Full Text Opinion: http://www.supremecourt.gov/opinions/11pdf/10-577.pdf
Immigration: Convictions for making or assisting in the making of a false tax return constitute aggravated felonies under 8 U.S.C. § 1101(a)(43)(M)(i) when the loss to the government exceeds $10,000 and therefore subject petitioners to deportation under the Immigration and Nationality Act.
The Kawashimas, lawful permanent residents, were convicted of making a false statement on a tax return and for assisting in the preparation of a false tax return. Under 8 U.S.C. § 1101(a)(43)(M)(i), an offense that involves fraud or deceit in which the total loss to the victim exceeds $10,000 is defined as an aggravated felony.
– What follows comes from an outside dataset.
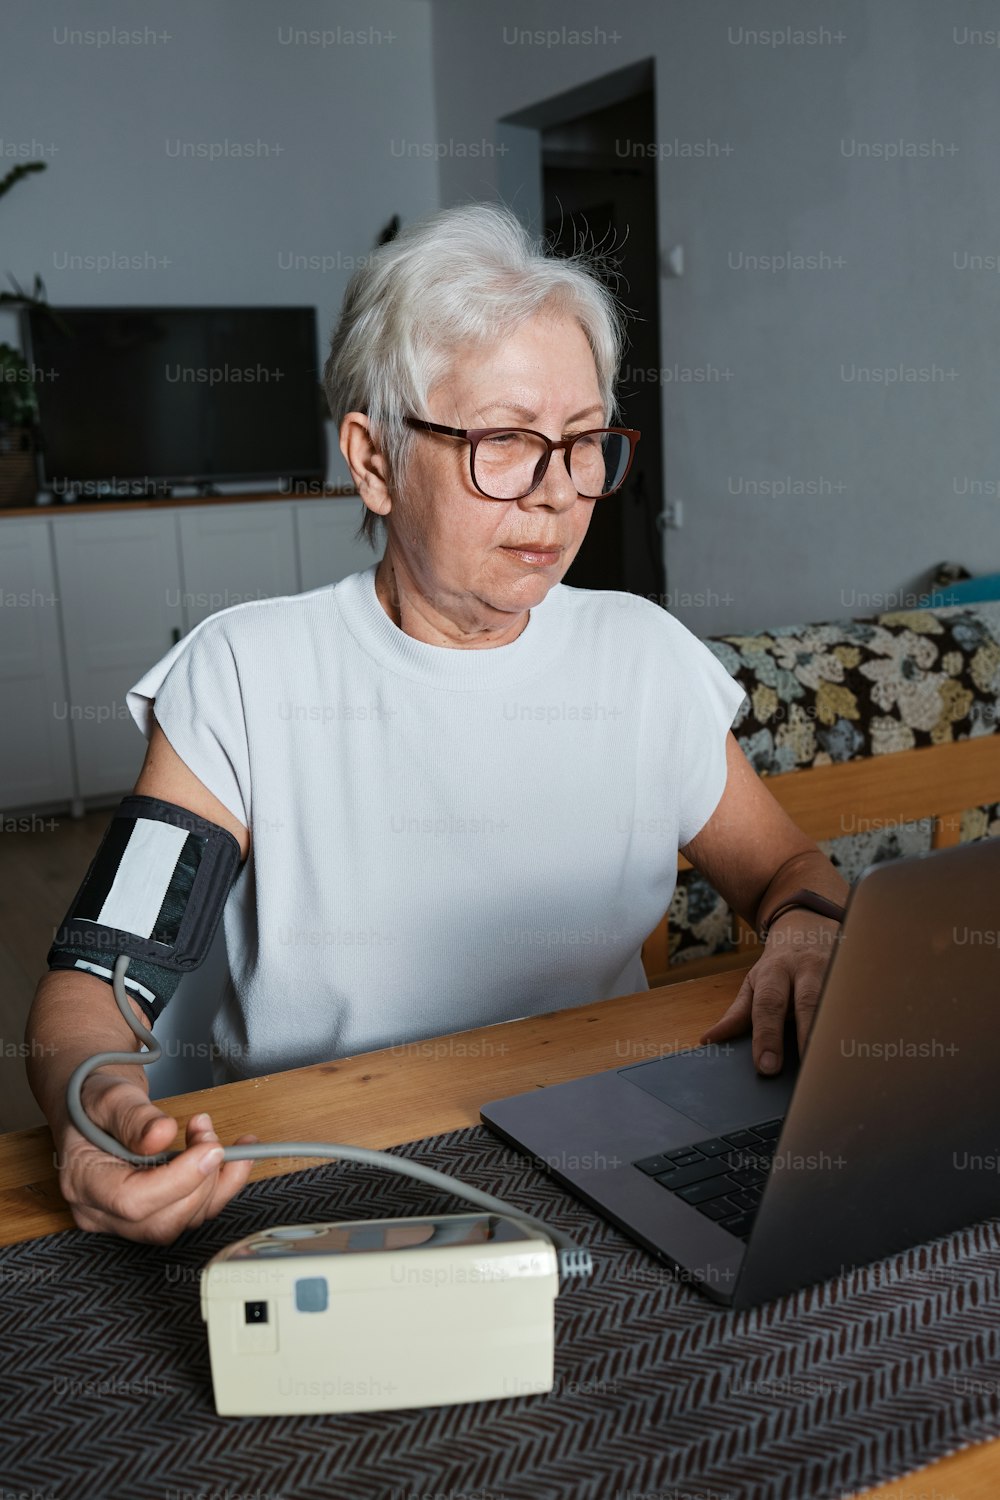 팔에 깁스를 한 여성이 노트북을 사용하고 있다

Mr. Kawashima stipulated that the government’s total loss as a result of his false tax return was $245,126. Under 8 U.S.C. § 1227(a)(2)(A)(iii), any alien convicted of an aggravated felony is deportable. As a result of the Kawashimas’ convictions, an immigration judge ordered the Kawashimas’ removal to Japan. The Board of Immigration Appeals made the determination that the Kawashimas’ convictions constituted aggravated felonies and affirmed the deportation order. The Ninth Circuit Court of Appeals affirmed the Board’s determination.
The Supreme Court affirmed the Ninth Circuit, holding that the offenses of making a false tax return and assisting in the making of a false tax return constitute aggravated felonies when the total loss to the government exceeds $10,000. The Court held that, although fraud and deceit are not formal elements of making or assisting in the making of a false tax return, 8 U.S.C. § 1101(a)(43)(M)(i) refers more broadly to offenses involving fraudulent or deceitful conduct. The crimes of which the Kawashimas were convicted entailed fraudulent or deceitful conduct because both offenses involved knowingly or willfully participating in the filing of a materially false tax return. The Court rejected the Kawashimas’ argument that, because Congress specifically defined certain tax crimes as aggravated felonies in Clause (ii) of the statute, Congress did not intend to include the Kawashimas’ offenses within the broad scope of § 1101(a)(43)(M)(i).